Thursday, January 4, 2018

Vampire (More than a) Weekend

Film: The Transfiguration
Format: DVD from DeKalb Public Library on laptop.

The last couple of years have been great for horror movies. Living in a world that seems to be constantly and continuously spiraling out of control on many fronts often has that sort of impact on the genre that deals specifically with both the real and unrealistic fears of the world. When a genre gets this sort of creative bump, there are going to be films that are left behind, ignored and overlooked. The Transfiguration is one of those films. Listed as a 2016 release, it didn’t really hit theaters until April of last year, and then made such a small ripple that not many people seem to have heard of it.

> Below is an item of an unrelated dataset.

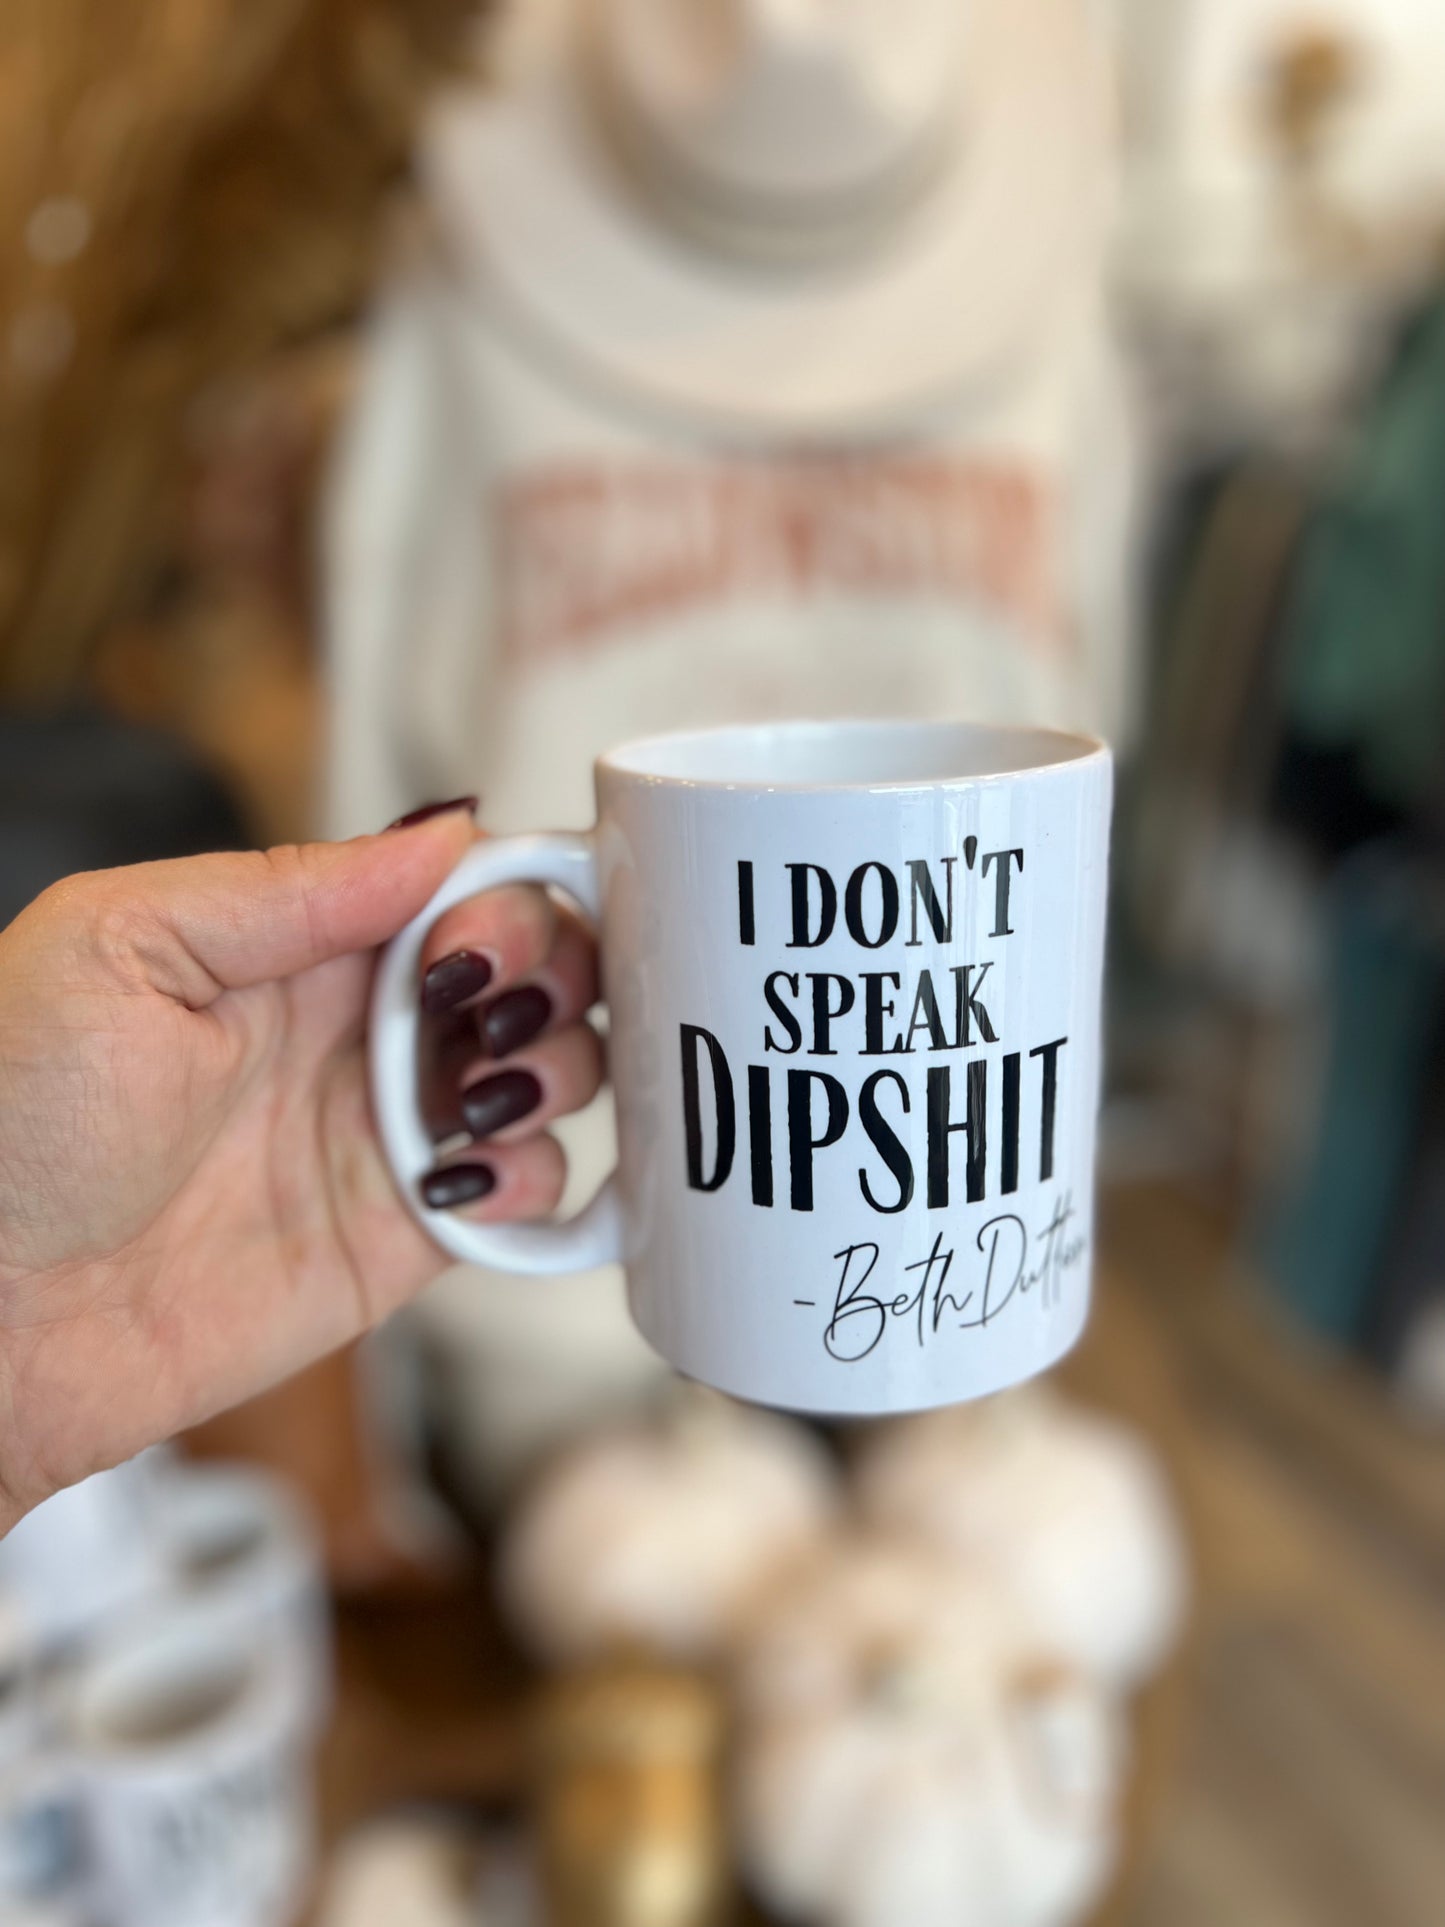 I DONT SPEAK DIPSHIT

It’s also not a particularly easy film to classify. It is very much a film that plays on vampire lore, making it a vampire film in many ways. It is also not entirely clear if it is a film that wants to accept the supernatural aspects of vampirism or instead wants to travel down the road more or less paved by Martin. Are we dealing with a real vampire here or are we simply dealing with a very disturbed and disturbing young man?

That young man is Milo (Eric Ruffin), who lives with his older brother. We learn eventually that his father is gone and that his mother killed herself by slitting her wrists. Milo is friendless and a social outcast, often picked on by the gang-banging kids in his neighborhood. What they don’t know is that Milo has both an obsession and a terrible secret. Milo is obsessed with vampires and vampirism. He watches vampire movies exclusively, having a huge collection of vampire films on VHS. He also believes himself to be turning into a vampire, a transformation that he encourages by regularly killing people on the margins of society and drinking their blood. We get our first (ahem) taste of this in the opening scene when we meet Milo drinking the blood from the neck of a man in a public bathroom stall.

Things change at least marginally for Milo with the introduction of Sophie (Chloe Levine), a girl about Milo’s age, who moves into his building. Sophie lives with her abusive grandfather and is a cutter, slashing her arms with a razor blade in order to feel something. While Milo manages to freak her out multiple times—trying to drink the blood from her arm and showing her videos of animals being slaughtered—the two eventually form a sort of bond. For her, Milo is someone who can and will accept her and give her a way to stay out of the abusive clutches of her grandfather.

I’m not going to go further into the plot, because it’s not so much a plot as it is a sort of character study of Milo. The Transfiguration wants us to perhaps understand him and sympathize with him, but Milo might not really be someone we are capable of understanding in any real way.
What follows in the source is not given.